An executable Theory of Multi-Agent Systems Refinement

2011 
Complex applications such as incident management, social simulations, manufacturing applications, electronic auctions, e-institutions, and business to business applications are pervasive and important nowadays. Agent-oriented methodology is an advance in abstraction which can be used by software developers to naturally model and develop systems for such applications. In general, with respect to design methodologies, what it may be important to stress is that control structures should be added at later stages of design, in a natural top-down manner going from specifications to implementations, by refinement. Too much detail (be it for the sake of efficiency) in specifications often turns out to be harmful. To paraphrase D.E. Knuth, “Premature optimization is the root of all evil” (quoted in ‘The Unix Programming Environment’ by Kernighan and Pine, p. 91). The aim of this thesis is to adapt formal techniques to the agent-oriented methodology into an executable theory of refinement. The justification for doing so is to provide correct agent-based software by design. The underlying logical framework of the theory we propose is based on rewriting logic, thus the theory is executable in the same sense as rewriting logic is. The storyline is as follows. We first motivate and explain constituting elements of agent languages chosen to represent both abstract and concrete levels of design. We then propose a definition of refinement between agents written in such languages. This notion of refinement ensures that concrete agents are correct with respect to the abstract ones. The advantage of the definition is that it easily leads to formulating a proof technique for refinement via the classical notion of simulation.

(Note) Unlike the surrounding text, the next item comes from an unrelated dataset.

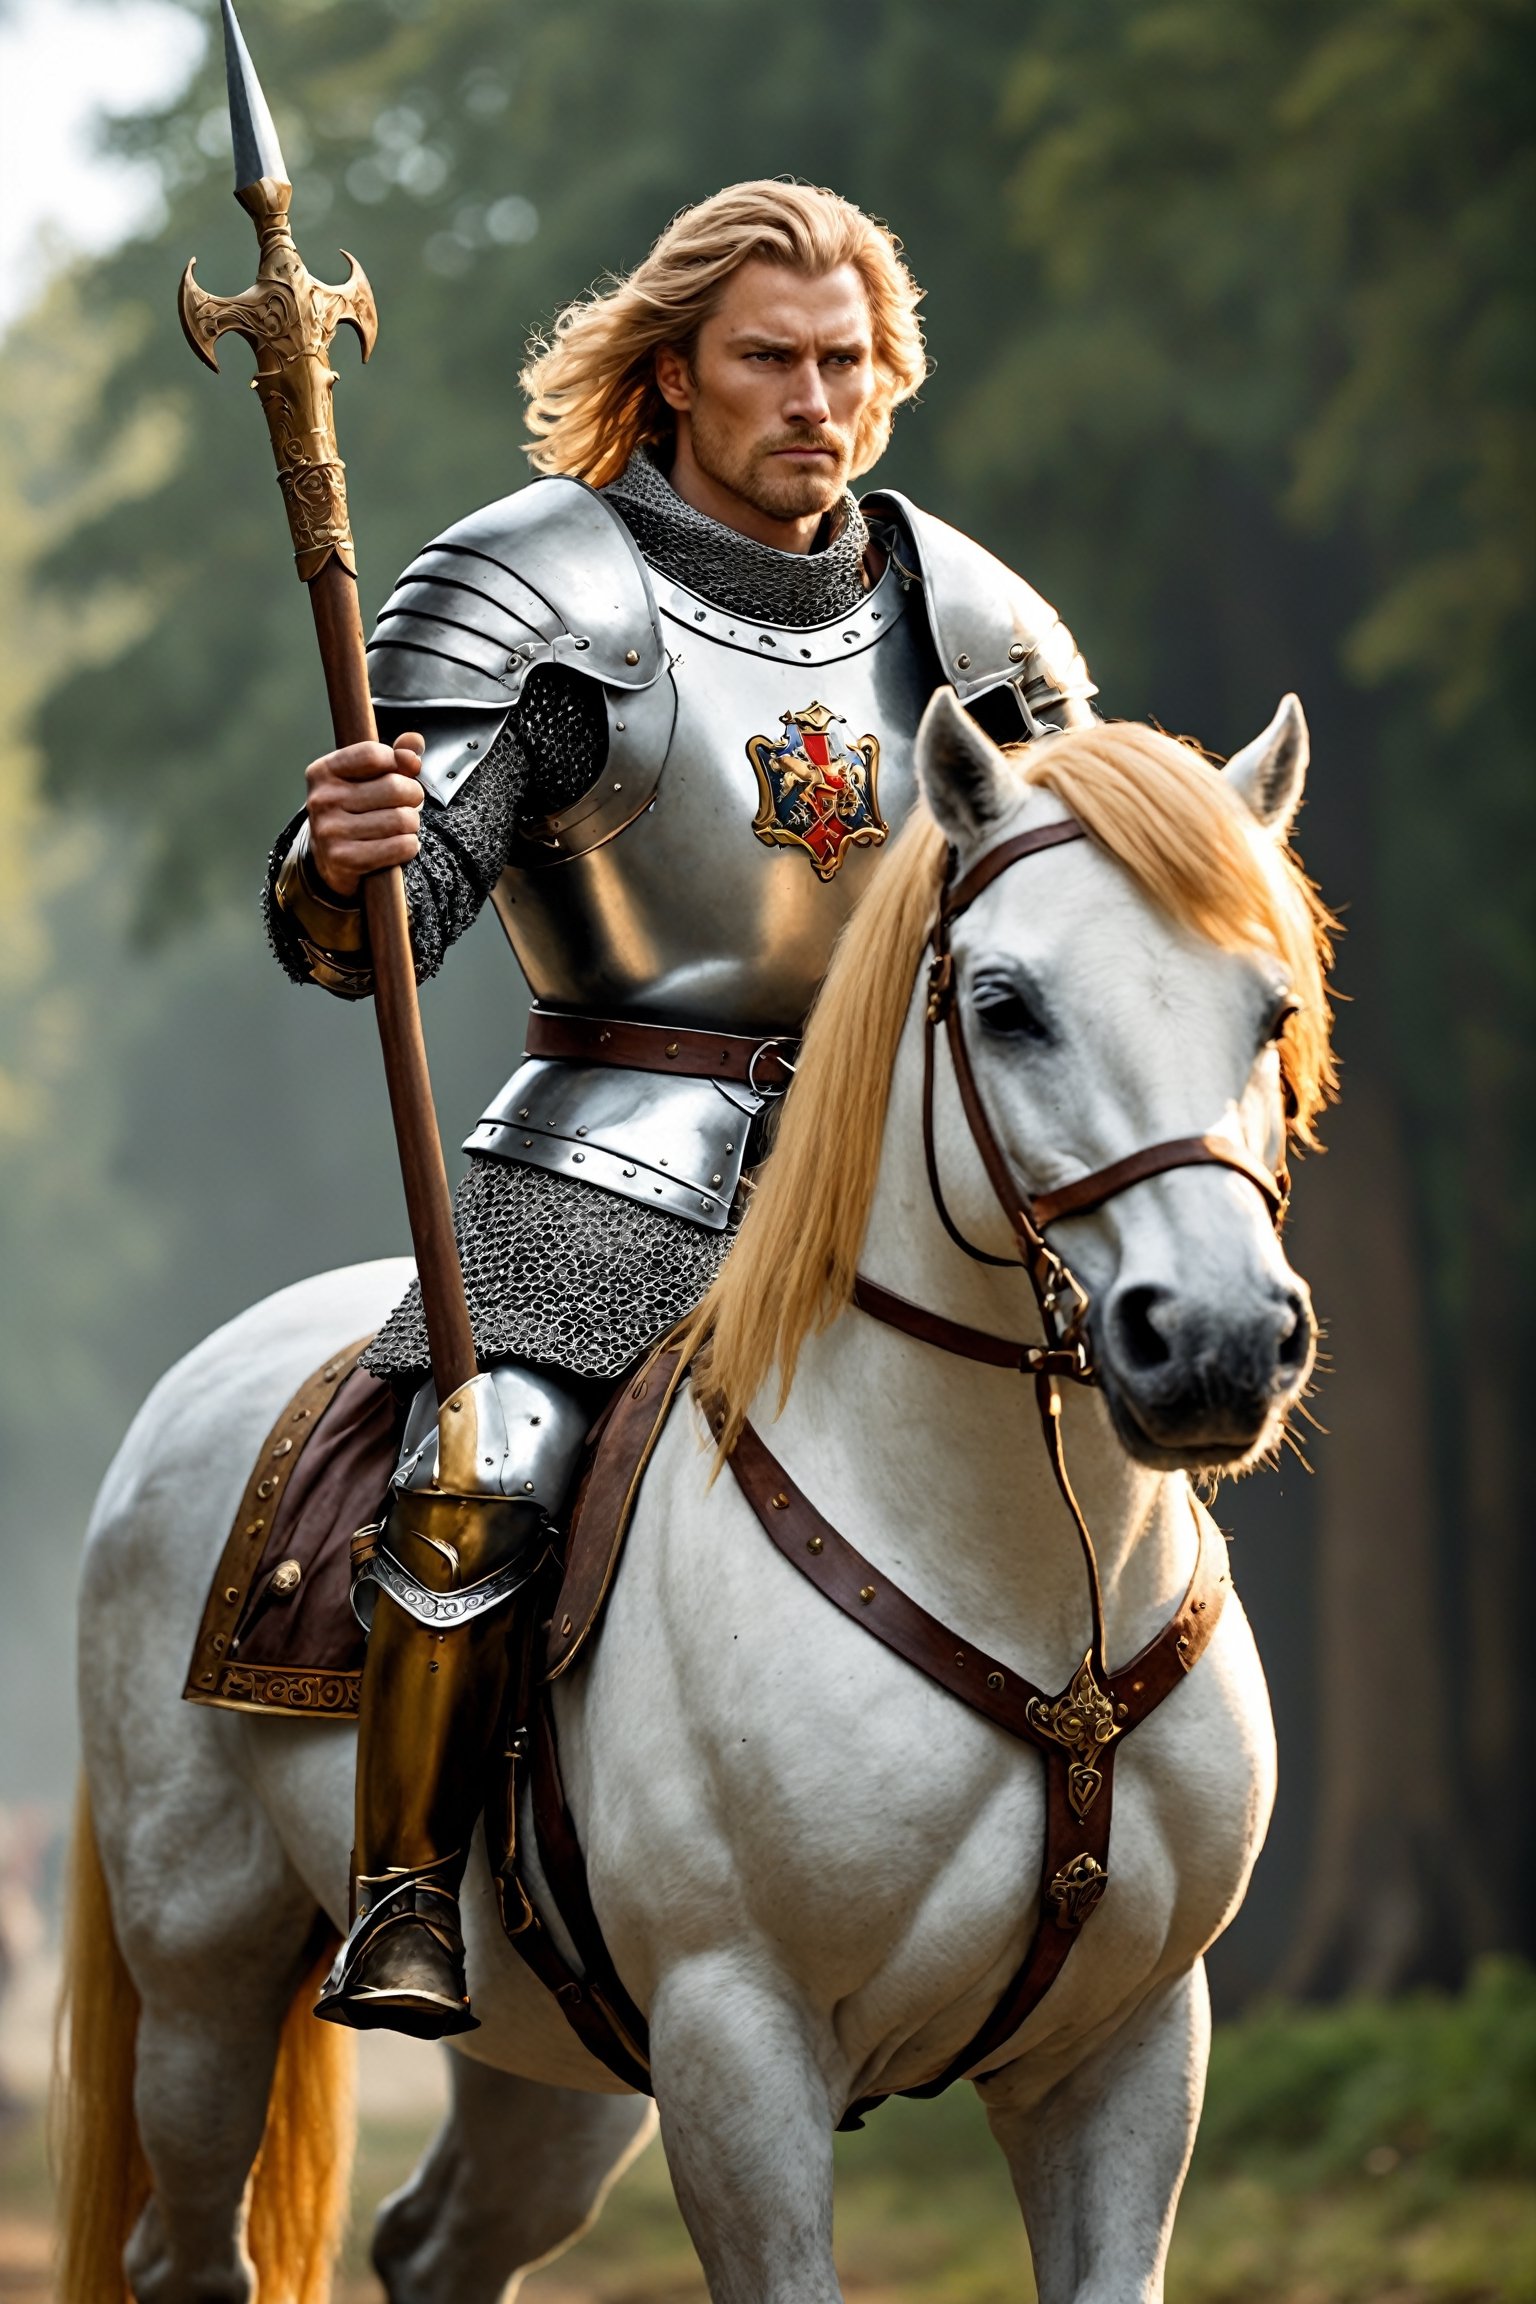  Richard the Lionheart, mounted on a majestic steed, leading his troops with regal authority. Clad in shining armor adorned with the lion crest, he embodies strength and courage on the battlefield. With golden hair flowing and a fierce gaze, he inspires awe among allies and fear in enemies. Richard's lionhearted spirit epitomizes knightly virtue and leadership, a true lion of the battlefield.",photo_b00ster,DonM1uth3rXL

This makes it possible to effectively verify refinement by model-checking. Additionally, we propose a weakest precondition calculus as a deductive method based on assertions which allow to prove correctness of infinite state agents. We generalise the refinement relation from single agents to multi-agent systems in order to ensure that concrete multi-agent systems refine their abstractions. We see multi-agent systems as collections of coordinated agents, and we consider coordination artefacts as being based either on actions or on normative rules. We integrate these two orthogonal coordination mechanisms within the same refinement theory extended to a timed framework. Finally, we discuss implementation aspects.